** Given information follows **

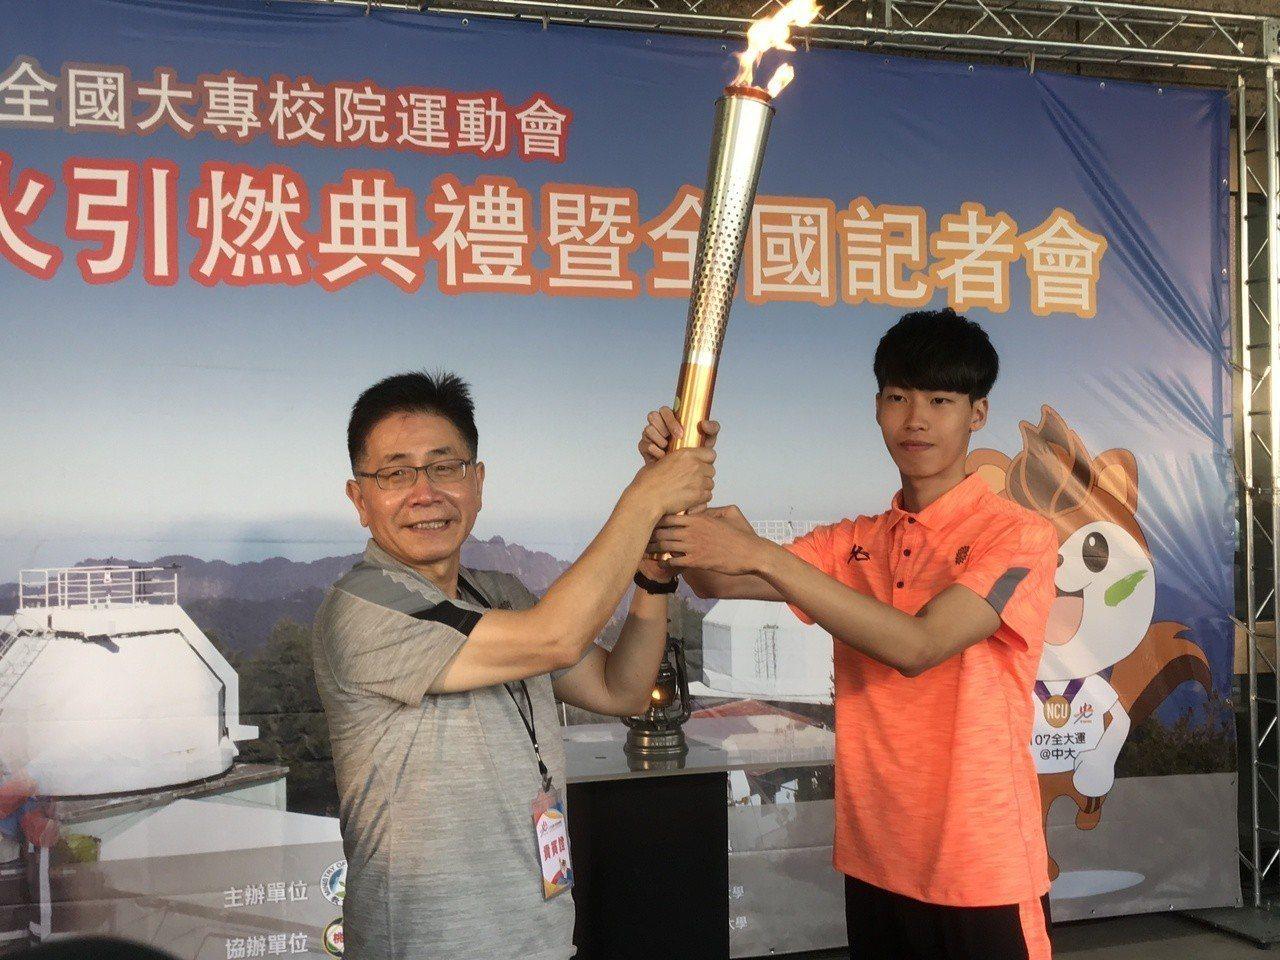 中央大學校長周景揚(左)將聖火交到聖火隊手上。記者毛琬婷/攝影
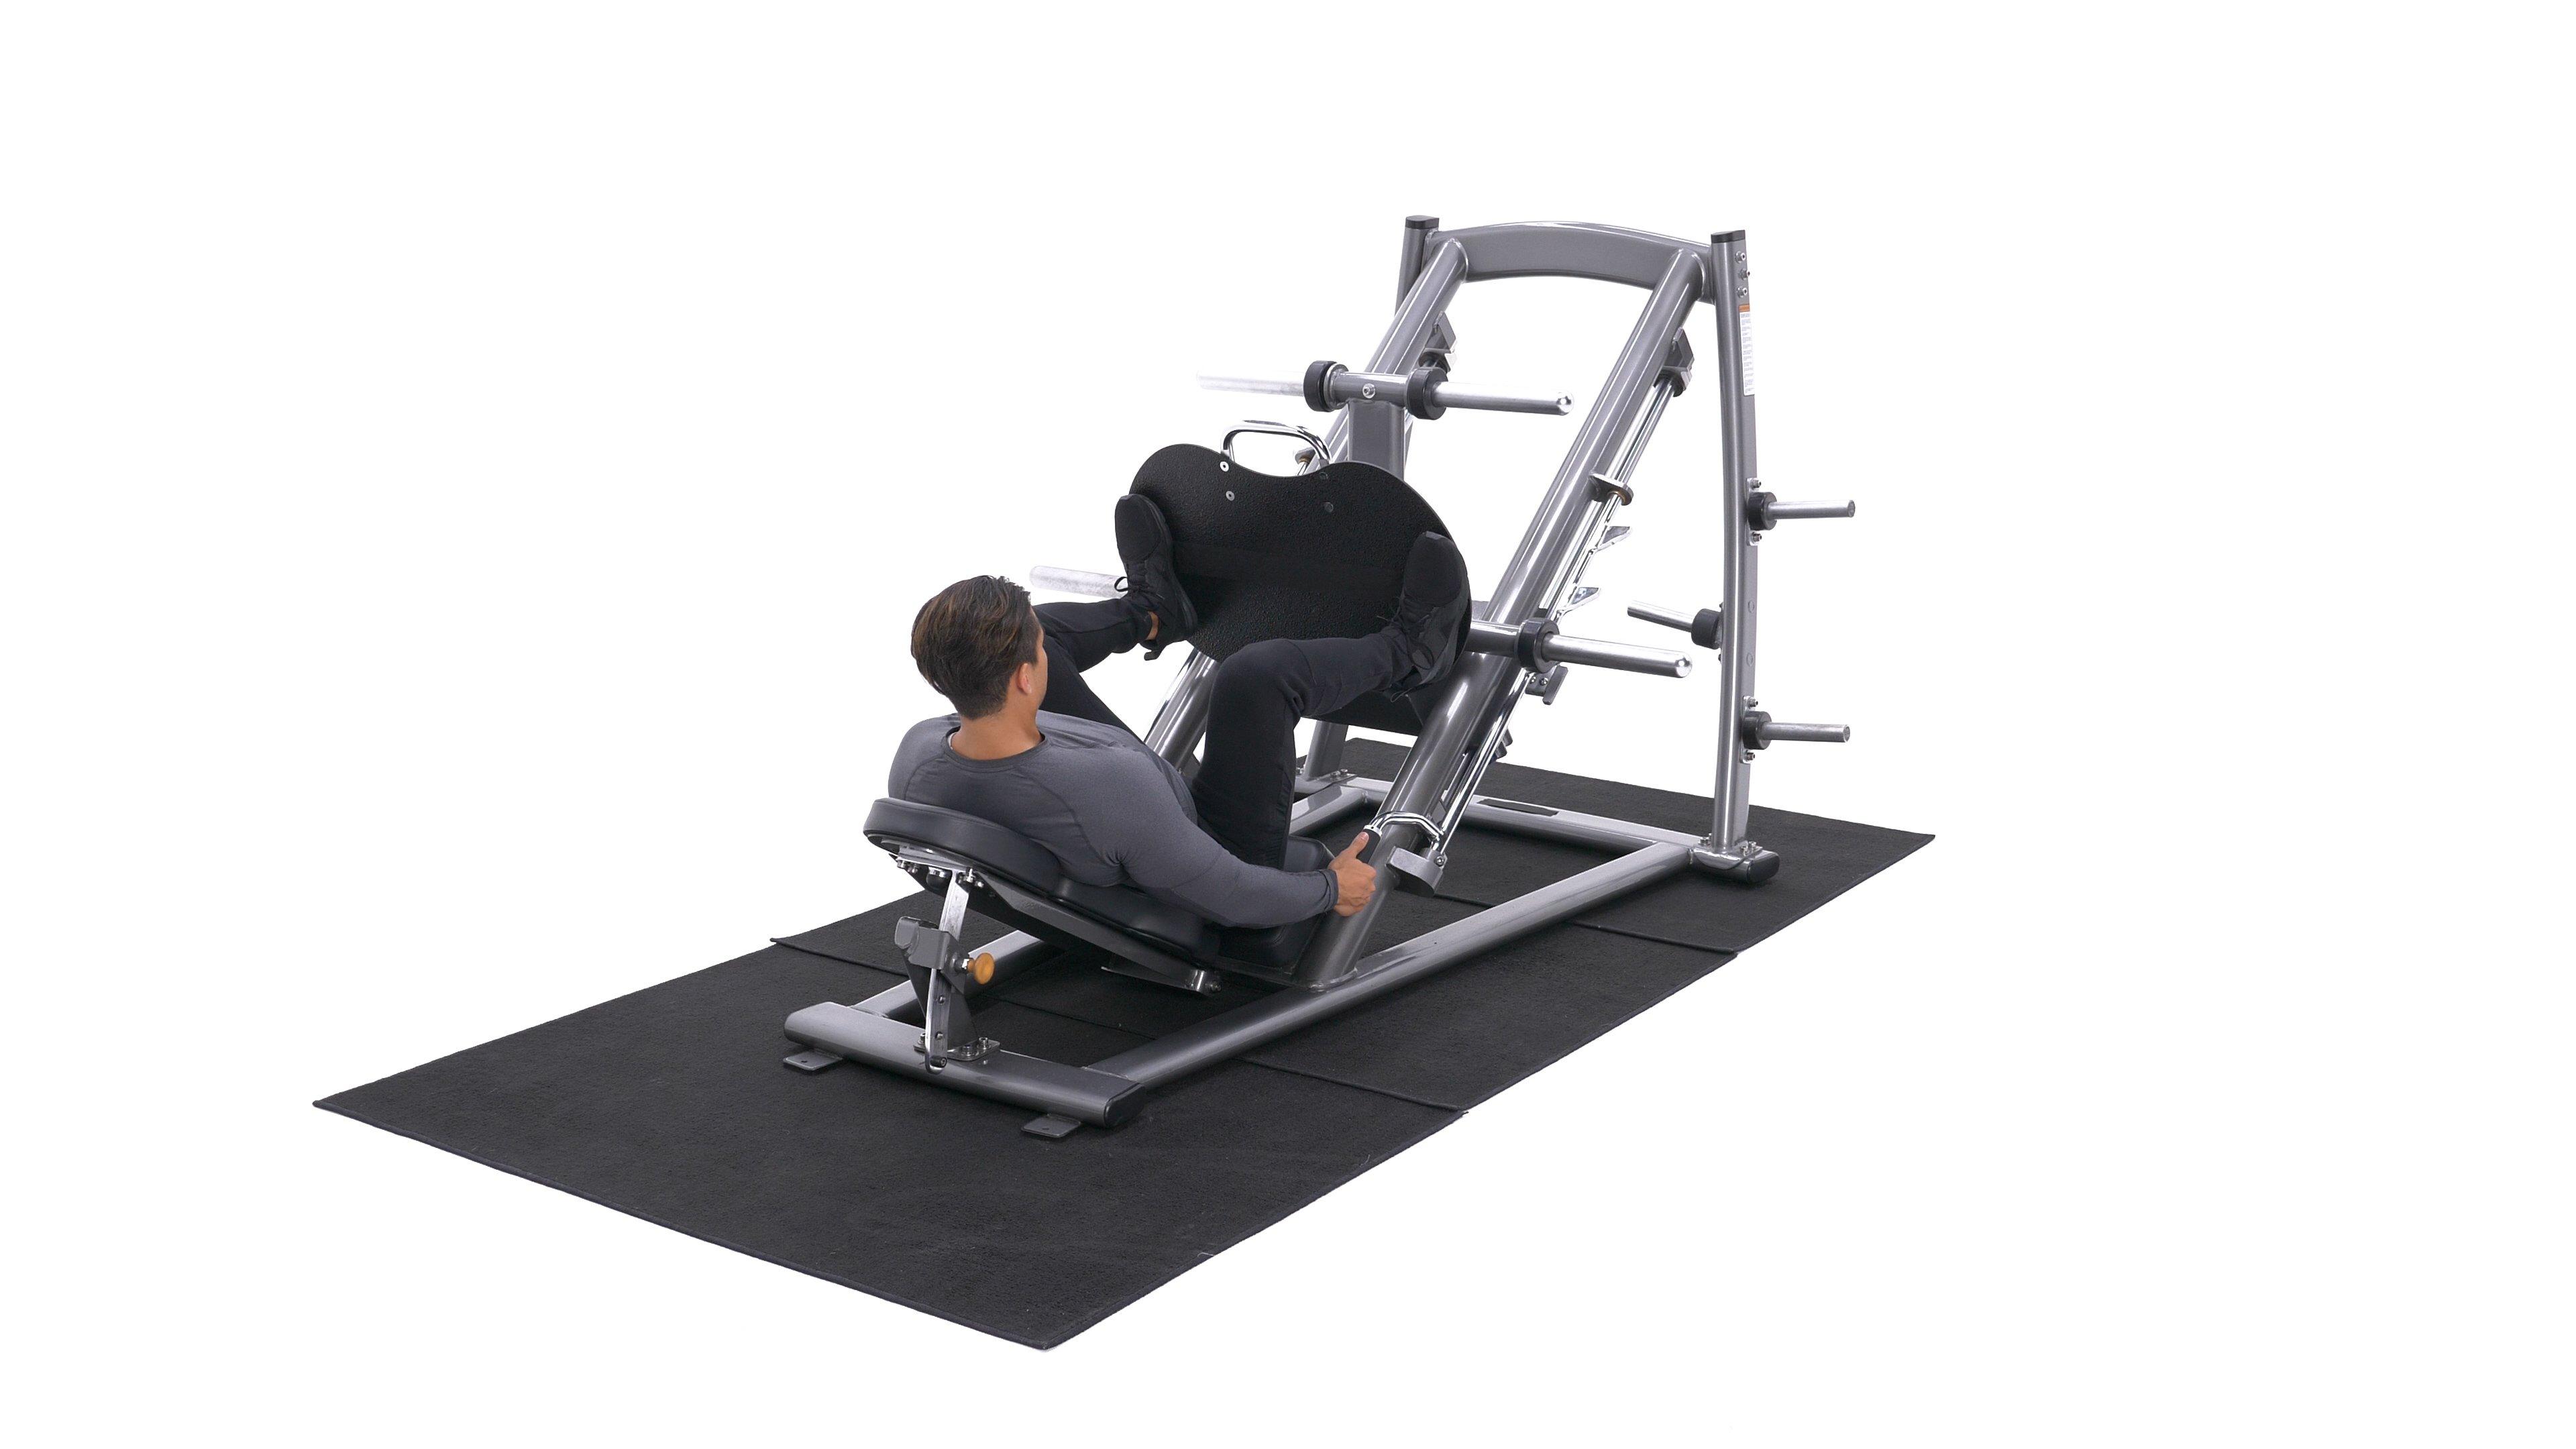 Narrow-stance leg press image
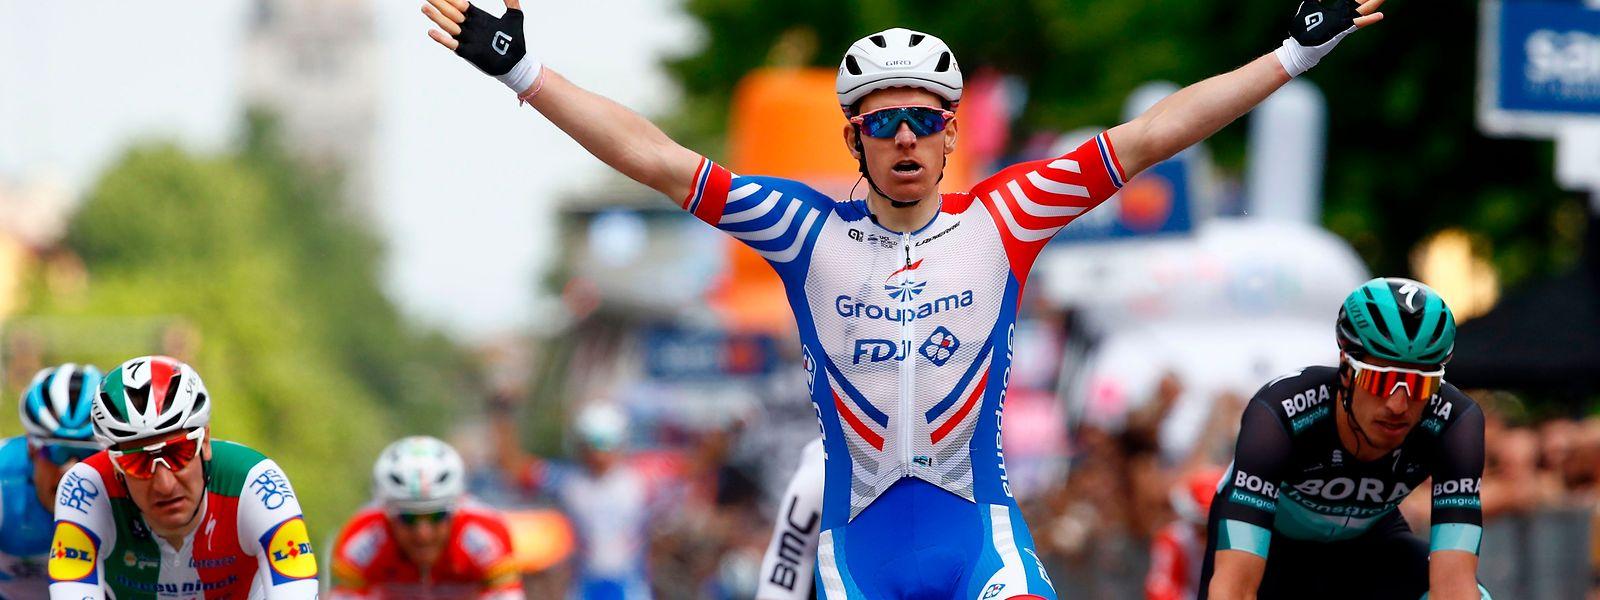 Arnaud Démare feierte seinen ersten Sieg bei diesem Giro d'Italia.
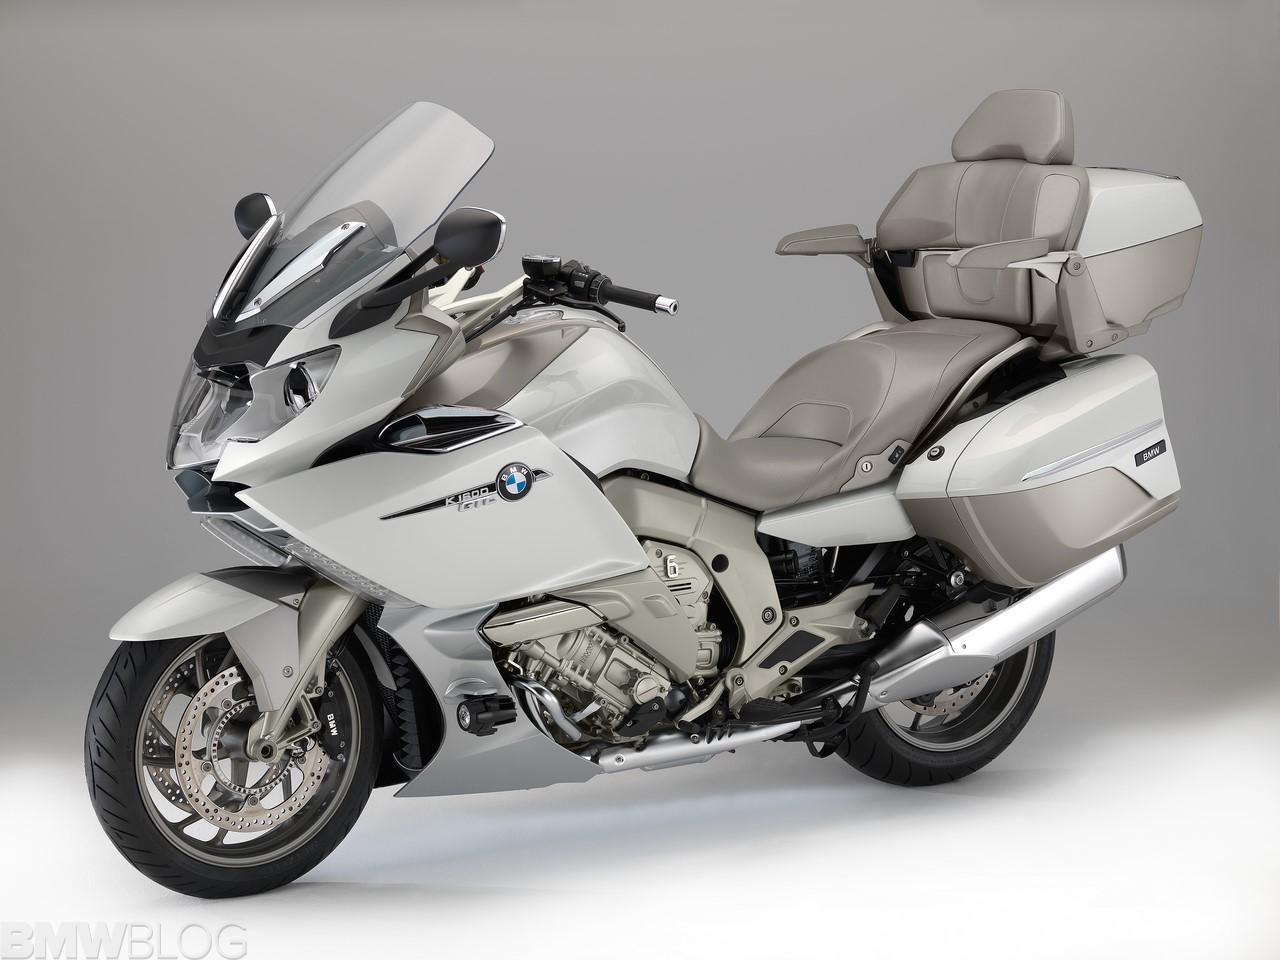 Problemas nas BMW K1600 GT e GTL? - Página 2 Bmw-k1600-gtl-exclusive-01

** End of Given information **

Description of the task:
All of the data needs repeating exactly, but the pictures do not.

Solution for this task:
 中央大學校長周景揚(左)將聖火交到聖火隊手上。記者毛琬婷/攝影
 Narrow-stance leg press image
 Arnaud Démare feierte seinen ersten Sieg bei diesem Giro d'Italia.
 Problemas nas BMW K1600 GT e GTL? - Página 2 Bmw-k1600-gtl-exclusive-01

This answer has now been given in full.